9.2.3 Merging data frames with *_join()

Excel’s VLOOKUP can also be used to merge data from separate tables or worksheets. Here, we’ll use the *_join() functions to merge separate data frames in R.

There are a number of ways to merge data frames in R. We’ll use full_join(), left_join(), and inner_join() in this session.

From R Documentation (?join):

  • full_join(): “returns all rows and all columns from both x and y. Where there are not matching values, returns NA for the one missing.” Basically, nothing gets thrown out, even if a match doesn’t exist - making full_join() the safest option for merging data frames. When in doubt, full_join().

  • left_join(): “return all rows from x, and all columns from x and y. Rows in x with no match in y will have NA values in the new columns. If there are multiple matches between x and y, all combinations of the matches are returned.”

  • inner_join(): “returns all rows from x where there are matching values in y, and all columns from x and y. If there are multiple matches between x and y, all combination of the matches are returned.” This will drop observations that don’t have a match between the merged data frames, which makes it a riskier merging option if you’re not sure what you’re trying to do.
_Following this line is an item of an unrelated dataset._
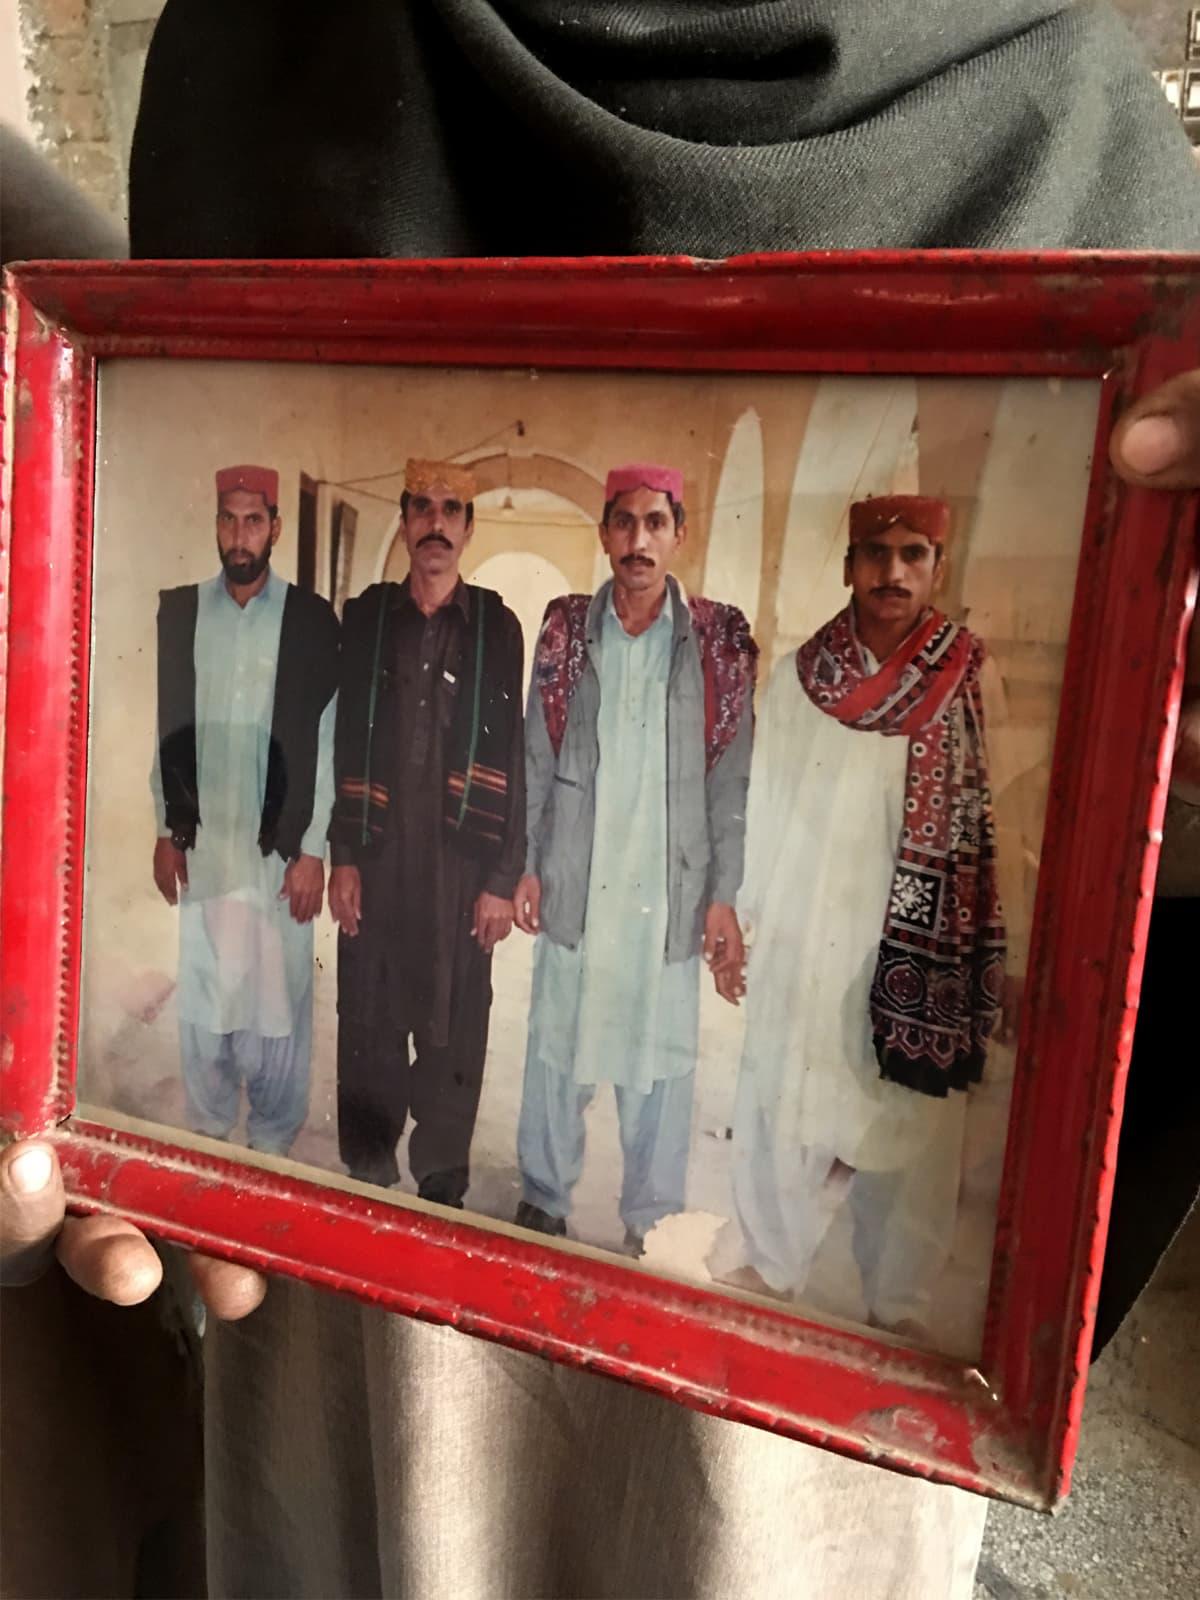 Left to right: Ghulam Farid, Ghulam Qadir, Ghulam Sarwar and Ghulam Ghaus | Subuk Hasnain

Schematic (from RStudio data wrangling cheat sheet):

To clarify what the different joins are doing, let’s first make a subset of the fish_counts data frame that only contains observations from 2016 and 2017.

Take a look to ensure that only those years are included with View(fish_2016_2017). Now, let’s merge it with our kelp fronds data in different ways.

9.2.3.1 full_join() to merge data frames, keeping everything

When we join data frames in R, we need to tell R a couple of things (and it does the hard joining work for us):

  • Which data frames we want to merge together
  • Which variables to merge by

Note: If there are exactly matching column names in the data frames you’re merging, the *_join() functions will assume that you want to join by those columns. If there are no matching column names, you can specify which columns to join by manually. We’ll do both here.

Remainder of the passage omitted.